--Eh bien, je ne cours aucun danger, et très-probablement, à moins d'un accident que nul ne peut prévoir, j'atteindrai un âge fort respectable.

--Je ne puis, dit mon gendre, que me féliciter de cet heureux changement.

Son ton était irréprochable, mais l'expression de son visage, quoi qu'il en eût, était moins joyeuse que ses paroles.

--Le résultat est que, devant vivre longtemps, j'avais des années devant moi pour prendre une résolution irrévocable, et je reconnais que j'ai marié Suzanne à la légère.

--Comment l'entendez-vous? dit M. de Lincy en levant sur moi un regard poli et haineux.

--C'est ce que je vous dirai tout à l'heure.
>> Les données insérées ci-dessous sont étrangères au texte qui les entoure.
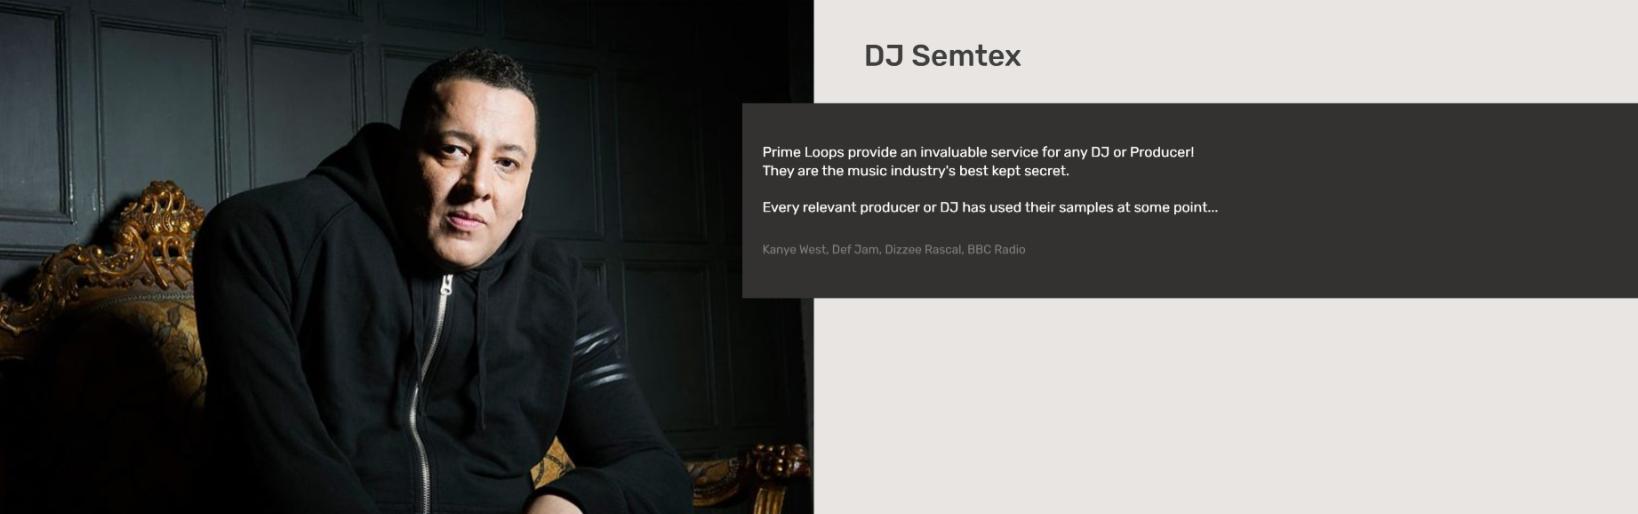 DJ Semtex   Testimonial

Mais votre position, vos espérances, en un mot, se trouvent aussi modifiées par mon état actuel de santé... de sorte qu'il y aurait, je pense, lieu d'arriver à un compromis... Si vous voulez me rendre Suzanne, et considérer, en ce qui dépend de vous, votre mariage comme non avenu,--je vous offre une rente viagère de nature à contenter les goûts les plus larges.

Je me tus. Mon gendre, toujours calme, m'observait de son regard terne et froid. Comme il gardait le silence, je levai les yeux sur lui pour l'interroger. Il parla:

--Je ne peux pas m'expliquer, cher beau-père, dit-il, le motif qui vous porte à me faire une proposition aussi extraordinaire; Jusqu'ici, à ce qu'il me semble, Suzanne et moi n'avons jamais donné lieu de penser que nous n'étions pas heureux de vivre ensemble!

--Je n'ai pas à discuter cette question, repris-je avec une sorte d'impatience, ce genre de discussion nous entraînerait trop loin. Je vous demande si vous consentez à me rendre ma fille.

--Mais, cher beau-père, dit-il avec une politesse exquise, vous n'y pensez pas! Que dirait-on de moi dans le monde,--et, bien mieux, que dirait-on de madame de Lincy? Une jeune femme qui quitte à dix-huit-ans la maison conjugale! Cette démarche malheureuse lui ferait, ainsi qu'à moi et à vous-même, un tort irrémédiable!